【書籍化&コミカライズ決定】悪役令嬢に転生した母は子育て改革をいたします~結婚はうんざりなので王太子殿下は聖女様に差し上げますね~
アンティークの置物をプレゼントした時も本当に可愛かったな…………嬉しそうに蓋を開け閉めしている姿が微笑ましくて、思わず額にキスをしてしまう。
耳まで真っ赤にしている姿を見ると、まだ私にも少しは望みがあるのかと期待してしまったのだった。
しかし、建国祭が終わった翌日、突如聖女が降臨する。
これには王宮も大騒ぎで、父上も母上も驚きを隠せずにいた。
皆で協議の結果、聖女は王家で預かり、身の回りの世話も住居も王宮になる事に決定した。何より聖女がなかなか元気で、皆タジタジになったしまったのだ。

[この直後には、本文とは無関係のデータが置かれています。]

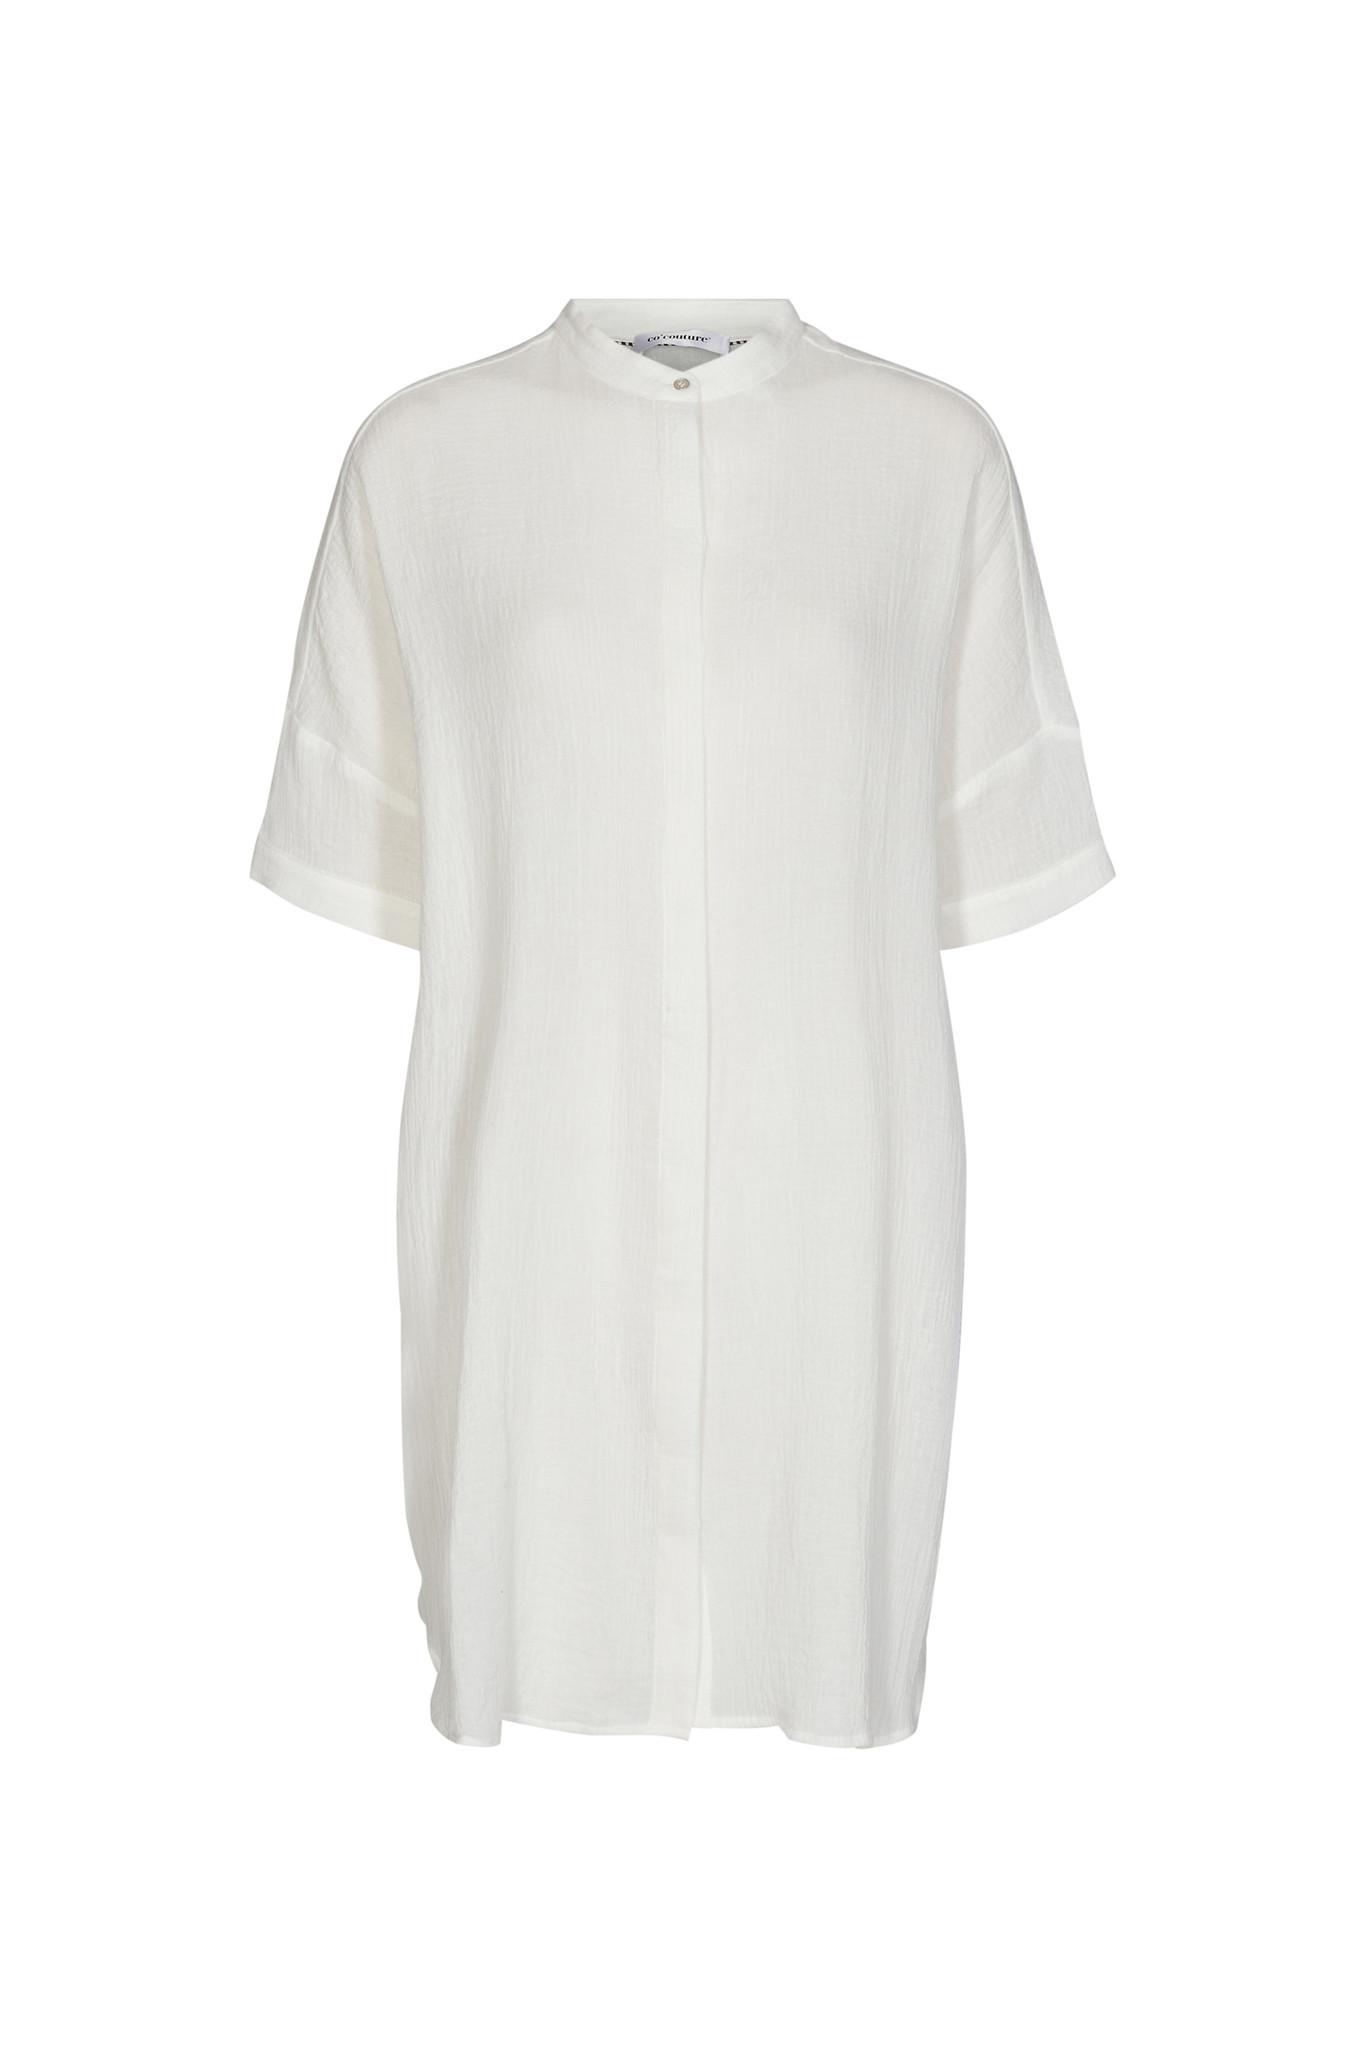 Crepe Tunic Shirt - Off White-1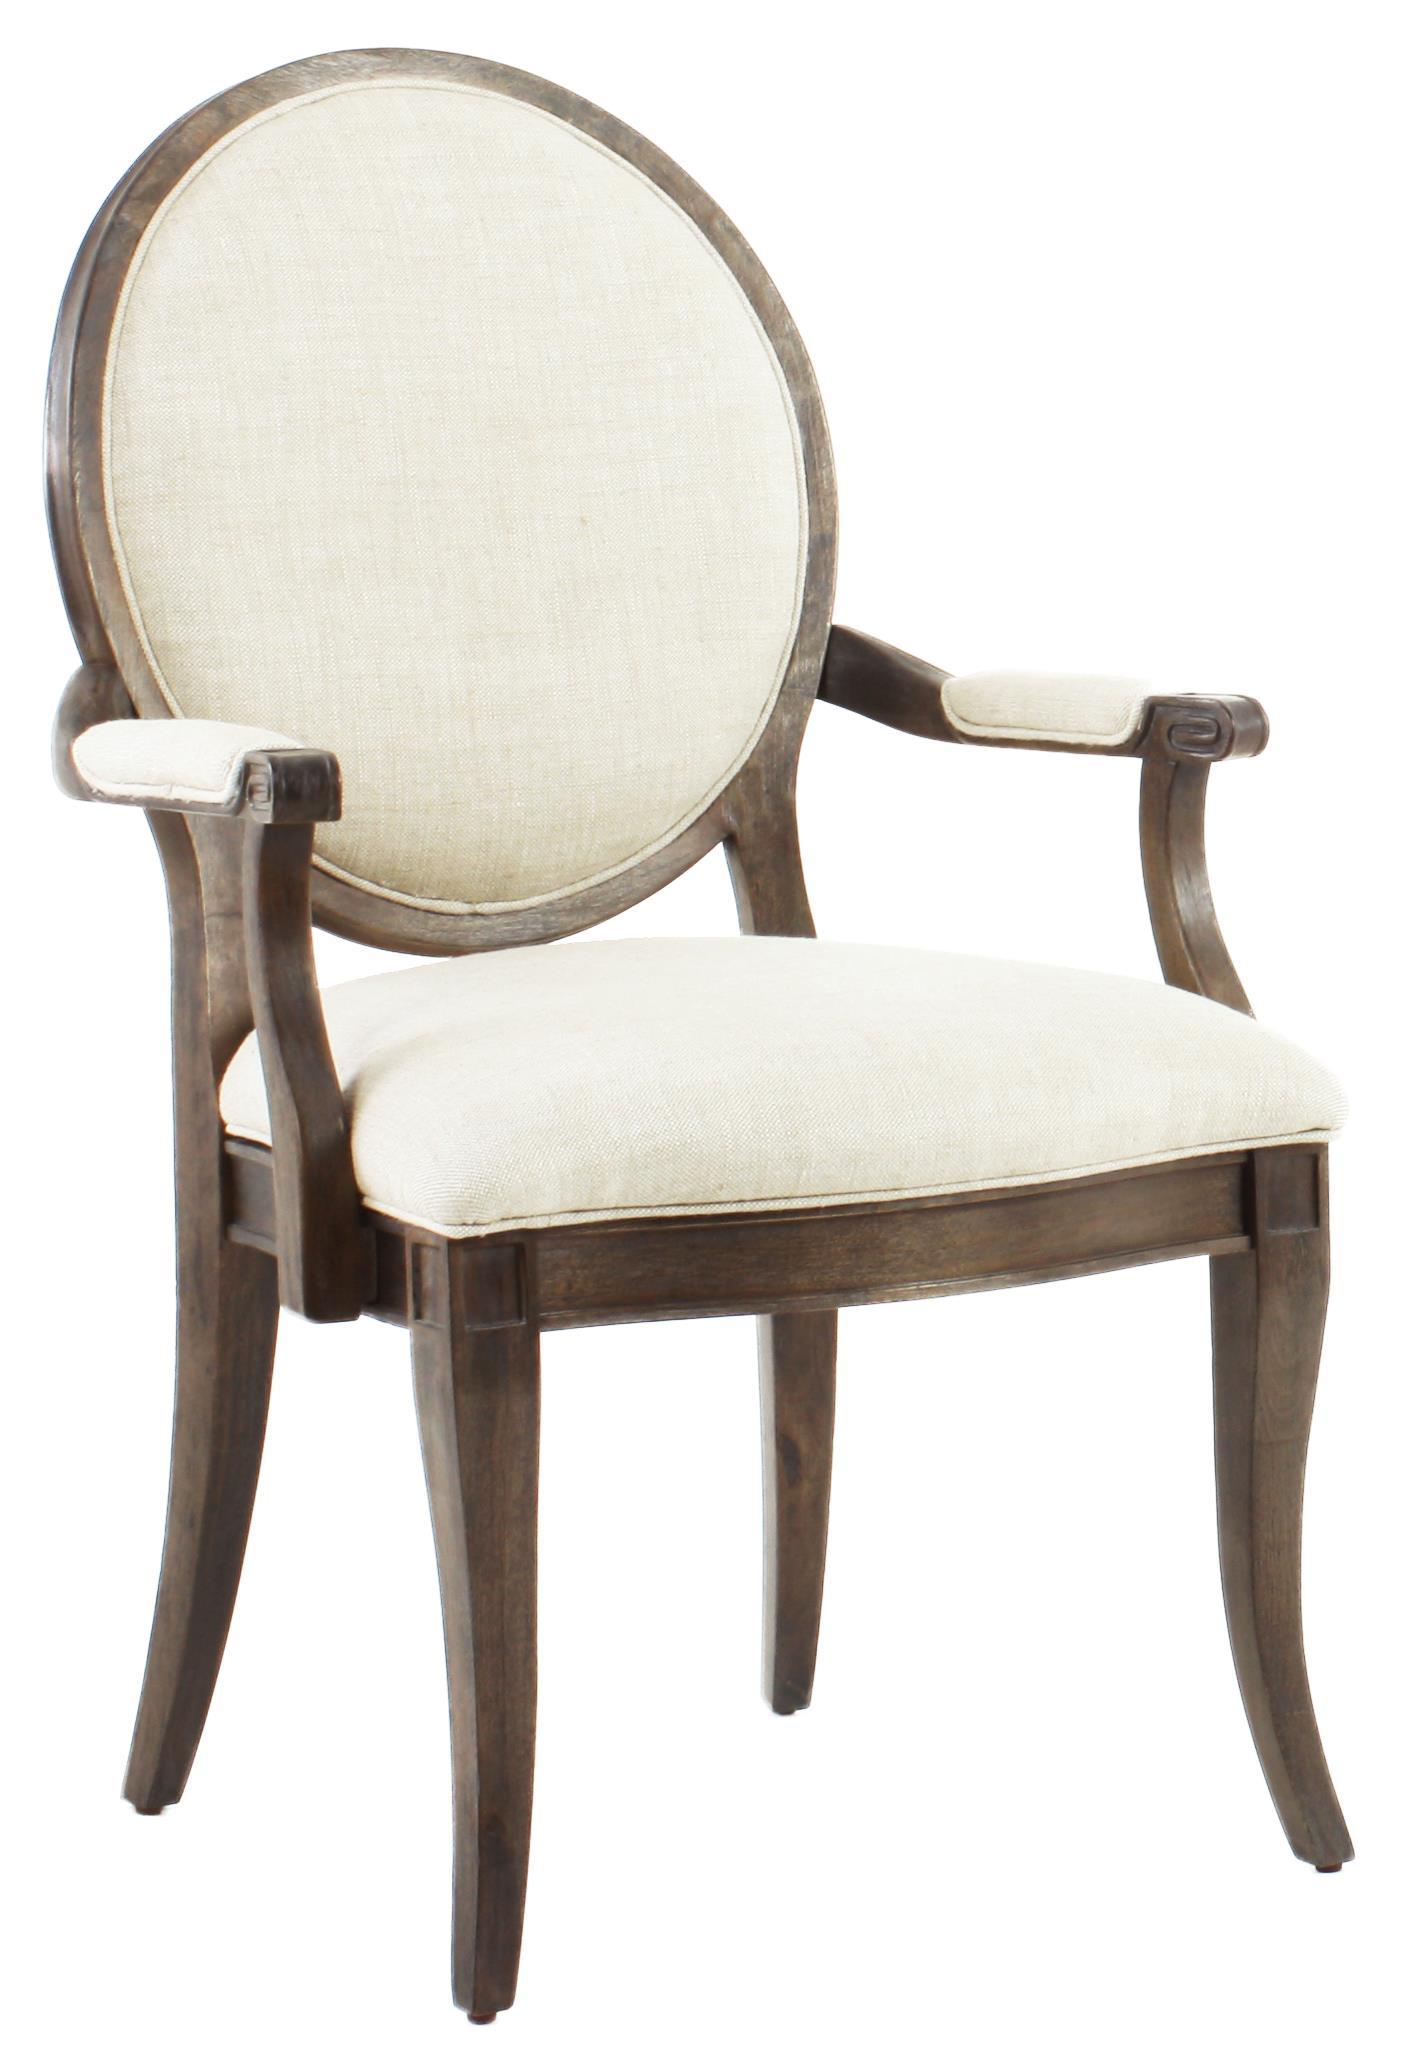 Saint Germain Oval Back Arm Chair by Klien Furniture at Sprintz Furniture

「あのーー、ここってどこなんですか?どうして私はここに連れて来られたのでしょうか。今すぐ元の世界に帰してくれません?!」
「…………あなたは異世界から我が国に召喚されたのです。ここで暮らし、この国の為に力の使い方を勉強して、貢献しなくてはならないのですよ」
大司教がそう告げると、怒り心頭で言い返していた。
「え、どうして私がこの国の為に貢献しなくてはならないの?私はこの国に何の思い入れもないし、そちらが勝手に召喚したのでしょう?!筋が通ってません!」
聖女の言い分はもっともだった。勝手に召喚し、勝手に国の為に貢献しろだなんて普通なら承諾出来ないだろう。
断られるという頭が教会の連中にはない。